Messaggio da Alen.chorbah »

Besàseà ha scritto:
Alen.chorbah ha scritto:Ciao besasea. Volevo chiederti se potevi spiegare, a nome di tutti quelli che come me non hanno ne la possibilità ne le competenze per poter esaminare i targumim e il talmud, la questione di Ezechiele sulla "stragrande maggioranza", cosi da avere un idea più chiara. Grazie.
Sarebbe come una smentita di un dogma già riaffermato precedentemente da Gianni. La mia concezione dello studio prescinde dal creare o smentire dogmi di fede. Se Gianni non avesse detto di aver dedotto che gli angeli e demoni esistono, ci sarebbe ancora posto per discutere e approfondire.

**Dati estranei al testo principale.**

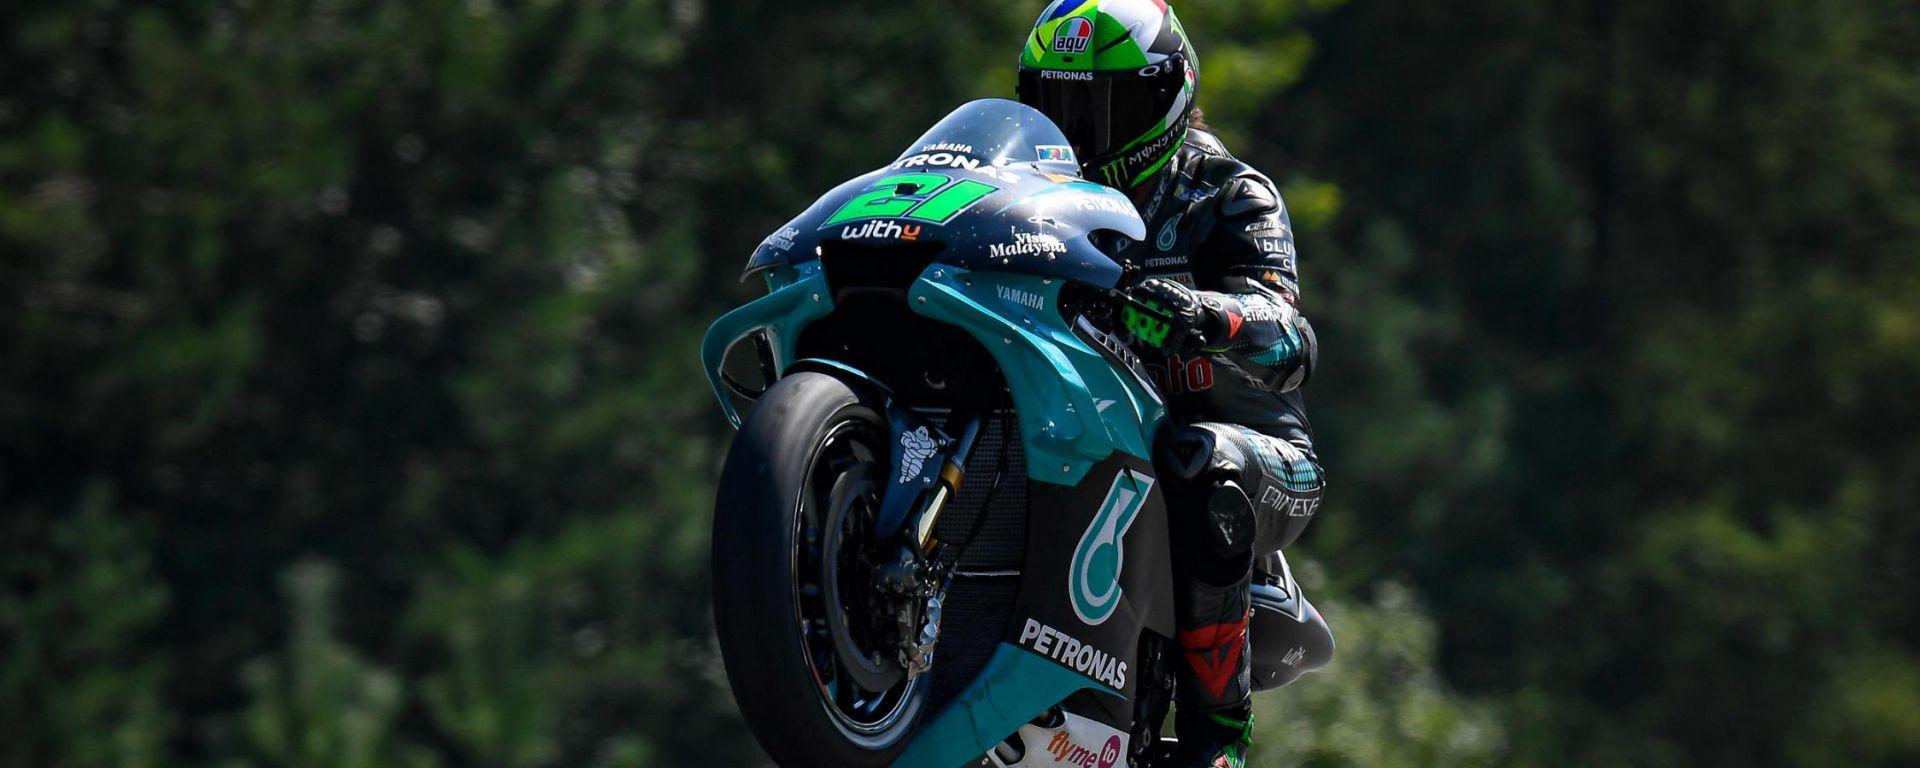 MotoGP Rep Ceca 2020, Brno: Franco Morbidelli (Yamaha)

Besasea non penso che Gianni abbia la presunzione di pensare che ciò che dice sia la verità assoluta al 100% e non penso che voglia imporre il proprio pensiero a tutti, lui stesso ha scritto "secondo me", quindi anche quello è una sua visione della scrittura sicuramente da apprezzare e rifletterci, ma che comunque non tutti sono d'accordo. Detto questo qui ci sono molte persone che nel loro piccolo amano esplorare tutti i mondi possibili da ampliare cosi la propria conoscenza, sopratutto capire il pensiero e concetto ebraico che per noi cristiani influenzati nei secoli dal cattolicesimo facciamo fatica a comprendere. Se comunque se preferisci lo stesso non esprimerti per non creare contrasti all'interno del forum ti capisco, ma come puoi leggere ce ne sono sempre :d , e comunque al massimo se mi faresti il favore di potermelo spiegare In un MP perché sono veramente interessato grazie.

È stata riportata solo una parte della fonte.